В марте я получил приказание государя сообразить, по соглашению с морским министром, вопрос о сокращении сроков службы и заготовить рескрипт на мое имя с указанием главных оснований реформы. Приказание это, очевидно, было вызвано тем, что в пользу сокращения сроков службы высказались органы почти всех партий, оно пользовалось сочувствием общества и несомненно было бы потребовано Государственной Думой. Поэтому было благоразумно осуществить реформу заблаговременно, по инициативе государя.

Сроки службы в армии было решено сократить на один год, то есть до трех и четырех лет, а во флоте - на два года, то есть до пяти лет. Сверх того, разделить запас на два разряда для более правильного распределения при мобилизации.

На заседании соединенных департаментов, 8 апреля, вопрос этот прошел гладко, причем, однако, произошел неприятный инцидент: Главный штаб, внося представление, ни словом не обмолвился о предстоящем увеличении расходов по Министерствам внутренних дел и военному, и разрешение их пришлось испросить уже на словах в самом заседании!
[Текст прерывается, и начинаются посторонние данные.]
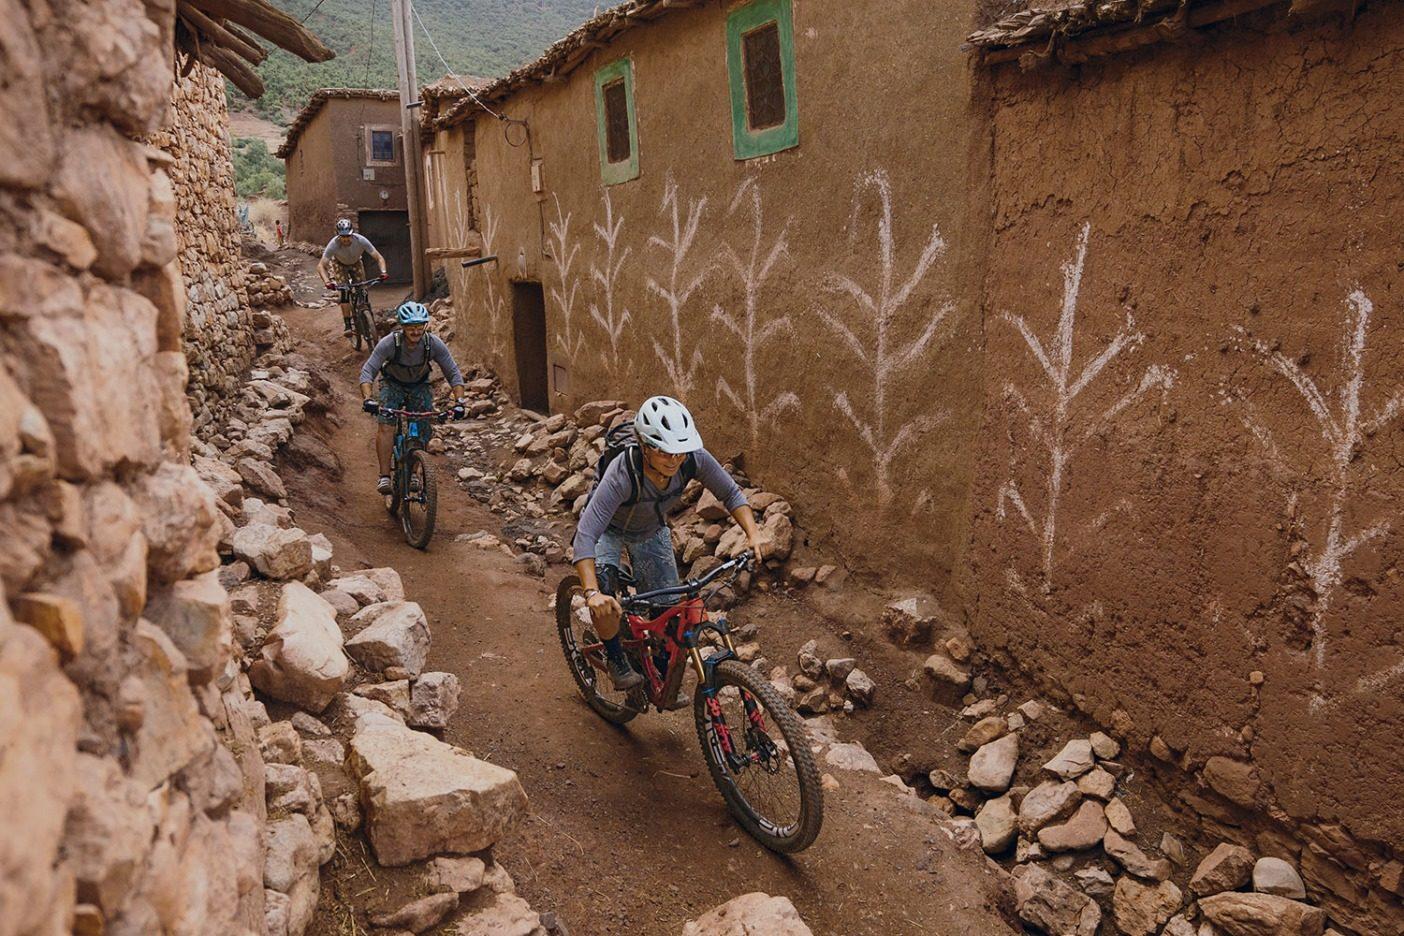 一車線道にて、前方注意。モロッコのシングルトラックの次なる区間を目指し、ドゥズルゥの村の 裏路地を縫い進むレイラニ・ブランツとピエール= アラン・レンファーとクリス・キーマイヤー。Photo: Leslie Kehmeier

Проведение в жизнь этого закона представляло крупные затруднения. Как я уже упоминал, сокращение сроков службы я считал настолько нужным, что на первом же своем личном докладе говорил о нем государю. Только сократив срок службы, мы могли омолодить свой запас и избежать необходимости ставить в ряды стариков, но самую реформу было желательно произвести лишь после надлежащей подготовки, в смысле обеспечения войск сверхсрочными учителями, и в нормальное время, когда войска были в сборе в своих квартирах и не отвлекались всевозможными нарядами от своего прямого дела. Политические соображения заставили ускорить решение вопроса и проводить сокращение сроков службы в армии без всякой к тому подготовки и при самых неблагоприятных условиях ее службы, когда она должна была нести тяжелую службу по поддержанию порядка в стране! Армия, только что пережившая тяжелый внутренний кризис, страдающая от недостатка офицеров, должна была лишиться еще и старшего срока службы, в том числе всех унтер-офицеров, остаться почти без учителей и это в то время, когда самое обучение ее было затруднено!

Чтобы сколько-нибудь облегчить этот кризис, было решено сократить сроки службы постепенно, увольняя ежегодно четыре третьих возрастных классов (в кавалерии - пять четвертых), причем выбор увольняемых людей младшего возраста производился по жребию. Упомяну здесь же, что еще осенью 1906 года настроение в армии было таково, что явилось опасение, что нижние чины могут не подчиниться жребию, по которому тогда надо было уволить треть возраста, а остальные две трети задержать еще на целый год; поэтому тогда же было объявлено, что эти две трети будут уволены уже весной 1907 года, то есть, что их задержат только на зимнее время, когда они в деревне не нужны, являясь там только лишними едоками.

Это сокращение сроков службы, произведенное в такое время, когда обучение войск было поставлено в самые трудные условия, когда лагерные сборы удавалось устраивать лишь в виде исключения, являлось для армии столь глубоким внутренним кризисом, что необходимо было откровенно признать: во-первых, армия на несколько лет будет необученной, малопригодной к бою, и во-вторых, опять-таки на несколько лет, нельзя менять ее организации, так как всякая перемена в последней, нарушая существующие соединения, могла бы окончательно, дезорганизовать войска, обратить их в толпу, не только необученную, но и лишенную внутренней спайки, вроде нашего флота. Таким образом, эта мера налагала определенный отпечаток на деятельность Военного министерства в ближайшие годы: для лучшего обучения войск я считал организационные изменения крайне необходимыми, а теперь их приходилось откладывать; я мечтал о скорейшем приведении армии не только в порядок, но и в боеспособный вид, а теперь приходилось отказаться от всякой надежды на скорое восстановление самого фундамента ее прочности - основательного воспитания и обучения нижних чинов.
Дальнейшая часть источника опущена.